▶ **Problem to solve**: Transcribe the entries below exactly, starting with the line that has "TVIP S-Box v.605" and stopping after the line that has "Mediness - Multifunctional"; no pictures belong in the copy.

▶ **Records for the exercise**:
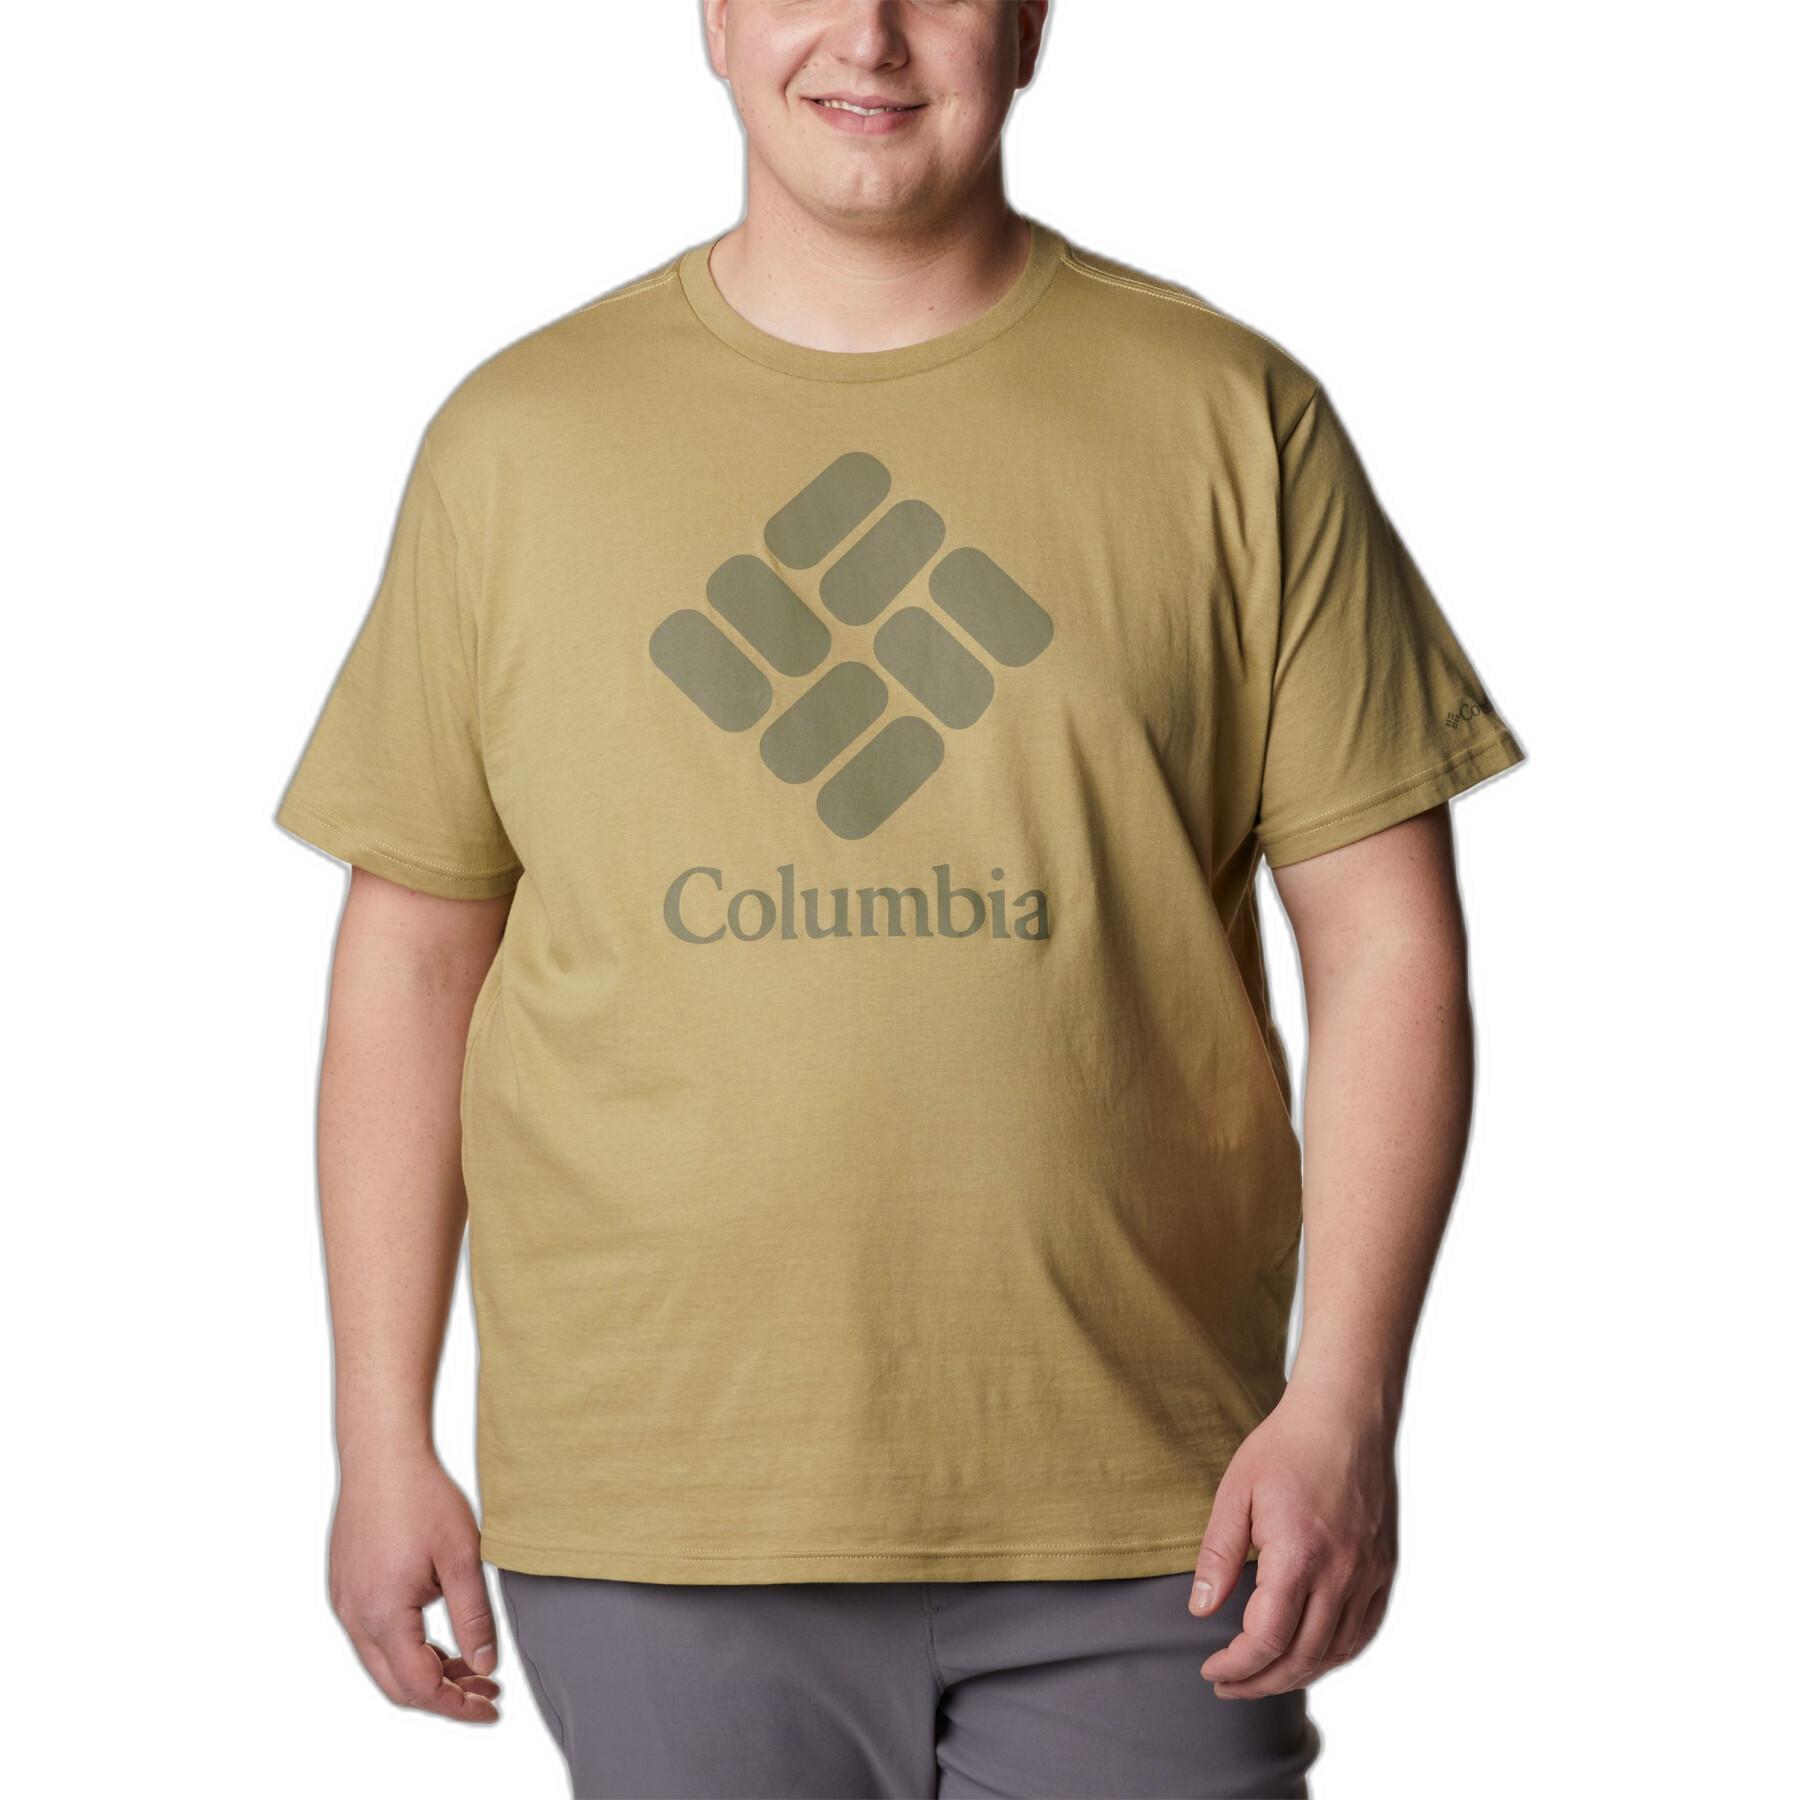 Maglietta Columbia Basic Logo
* * *
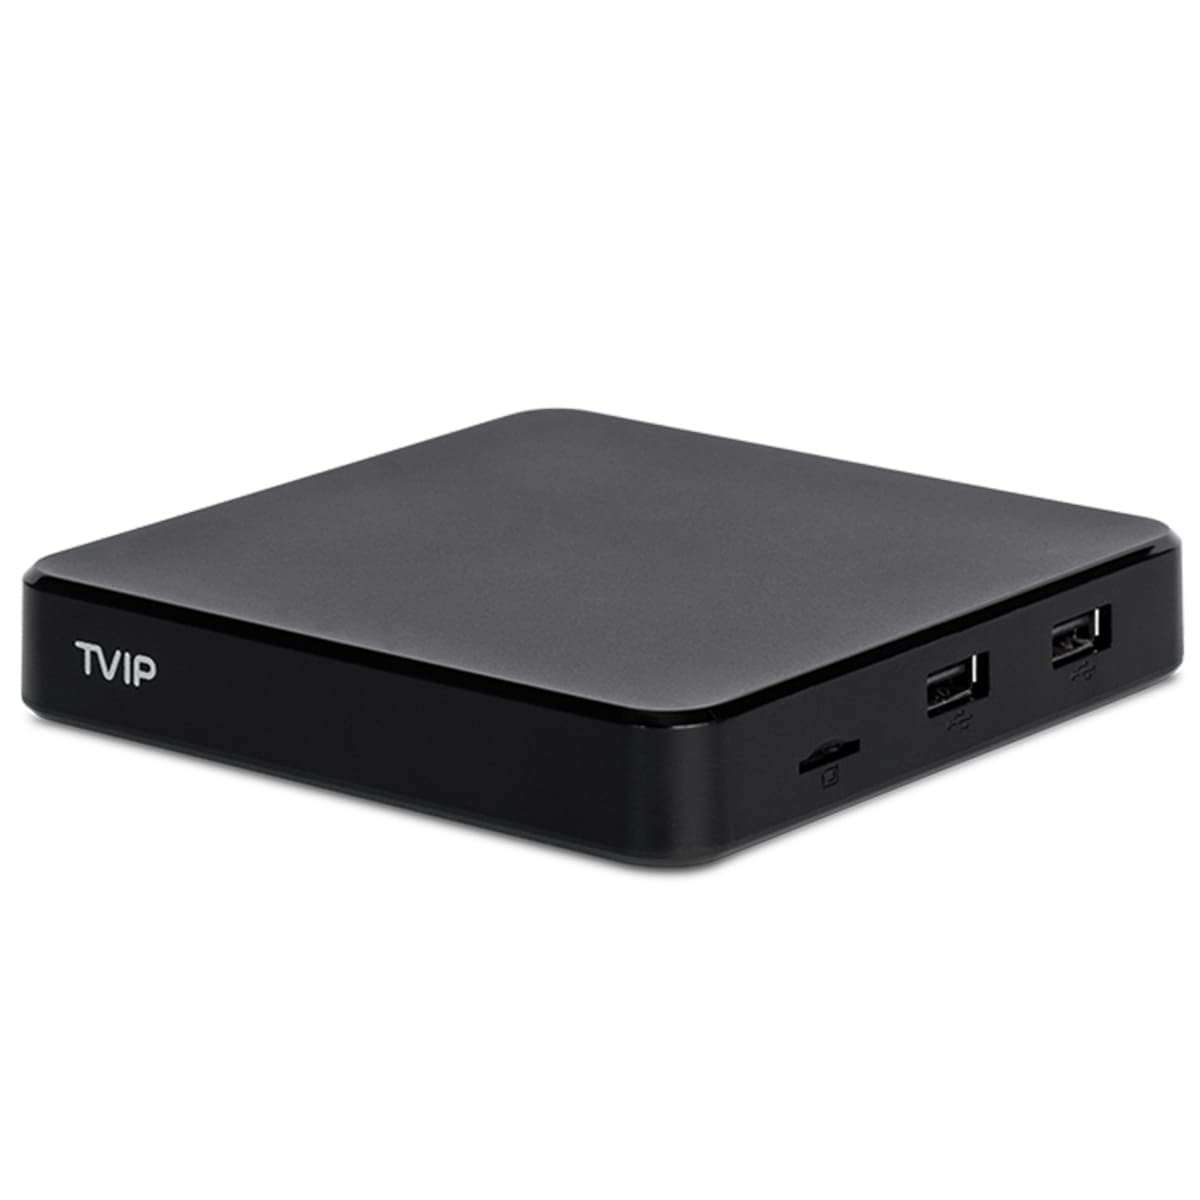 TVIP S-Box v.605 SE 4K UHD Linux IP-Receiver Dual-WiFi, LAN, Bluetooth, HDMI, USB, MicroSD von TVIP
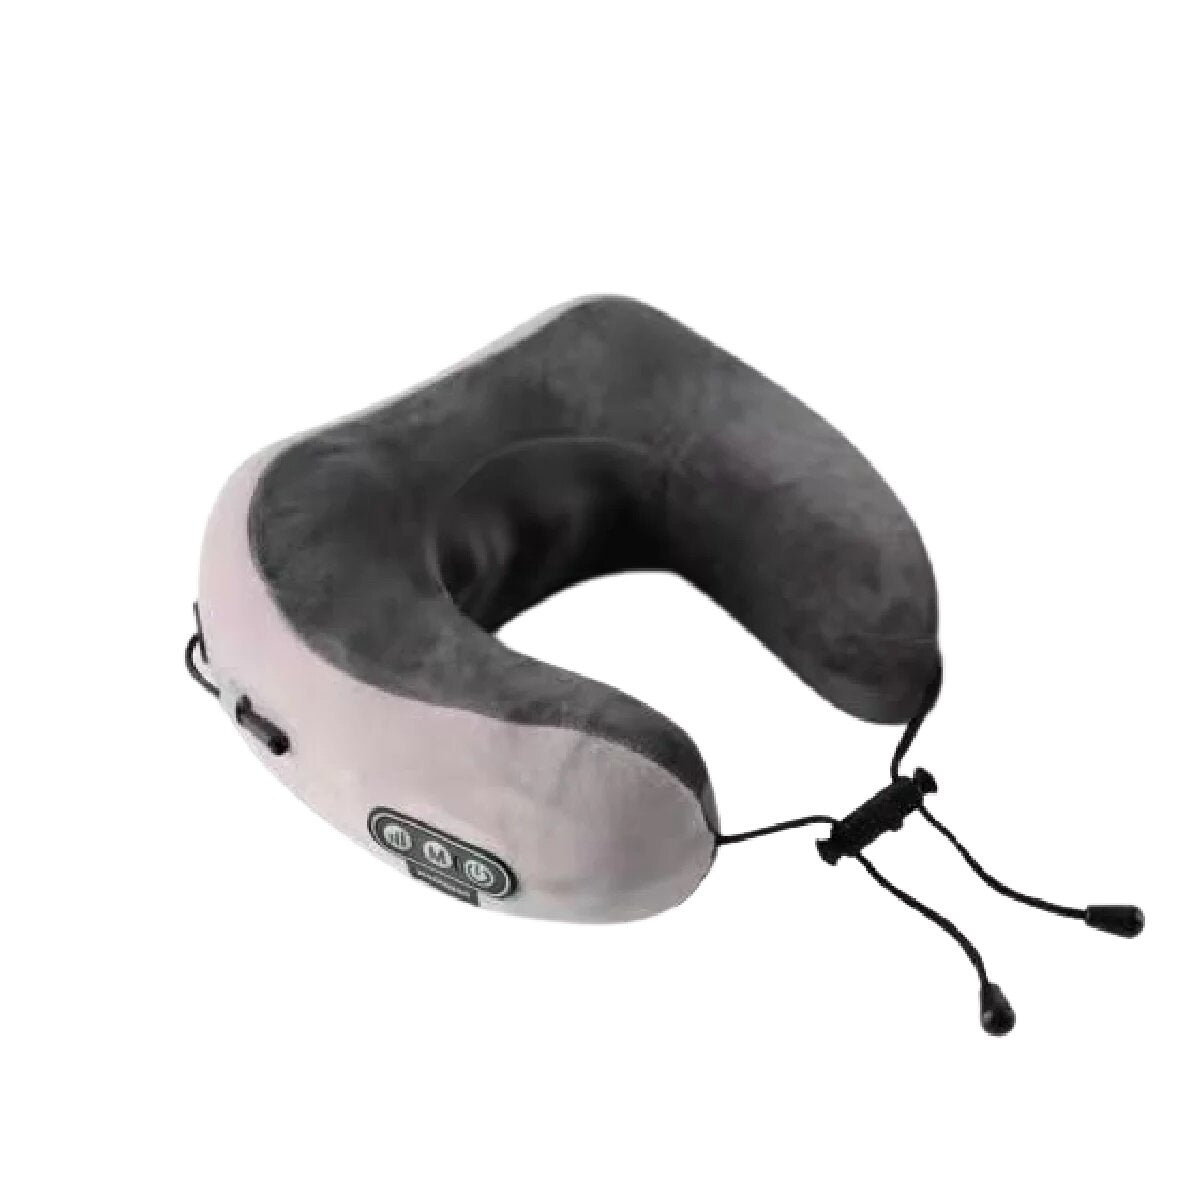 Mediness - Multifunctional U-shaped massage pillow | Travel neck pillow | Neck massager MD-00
* * *
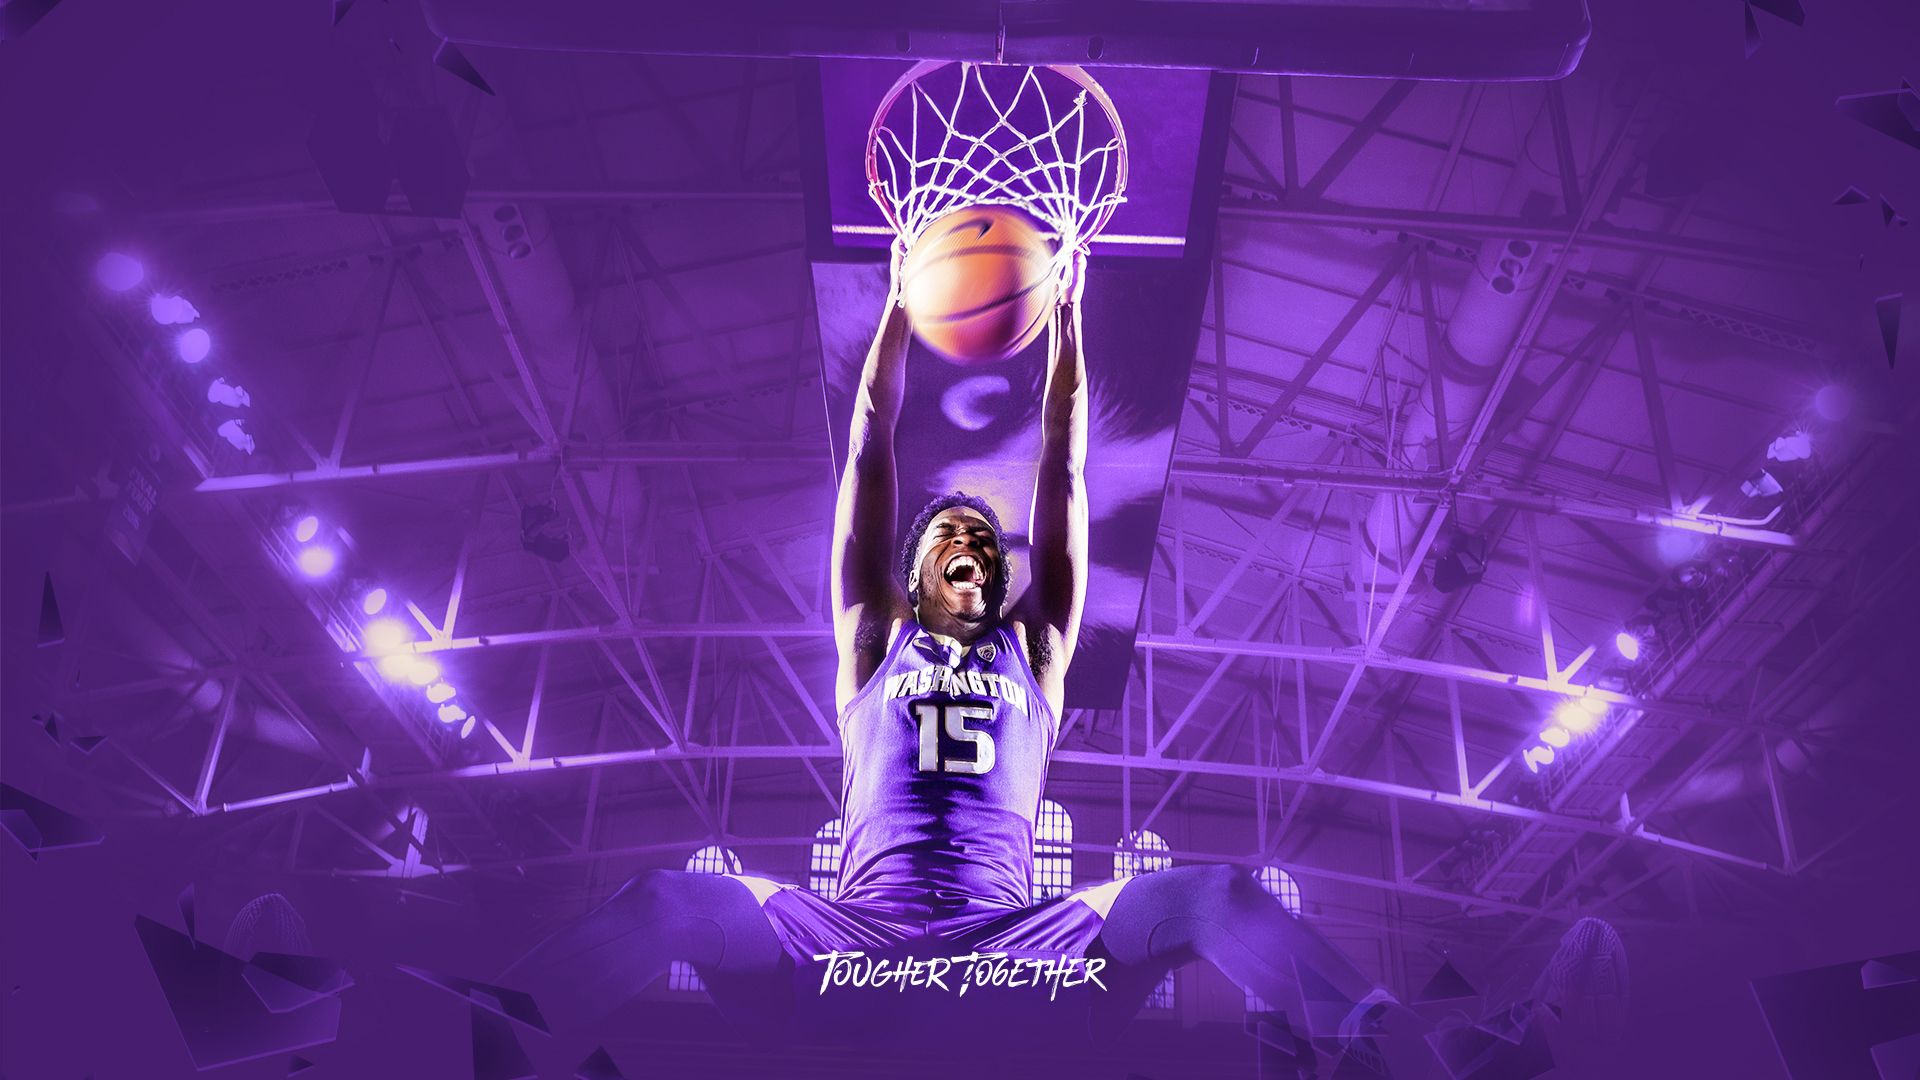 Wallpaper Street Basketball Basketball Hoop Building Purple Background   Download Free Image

▶ **Output below**:
 TVIP S-Box v.605 SE 4K UHD Linux IP-Receiver Dual-WiFi, LAN, Bluetooth, HDMI, USB, MicroSD von TVIP
 Mediness - Multifunctional U-shaped massage pillow | Travel neck pillow | Neck massager MD-00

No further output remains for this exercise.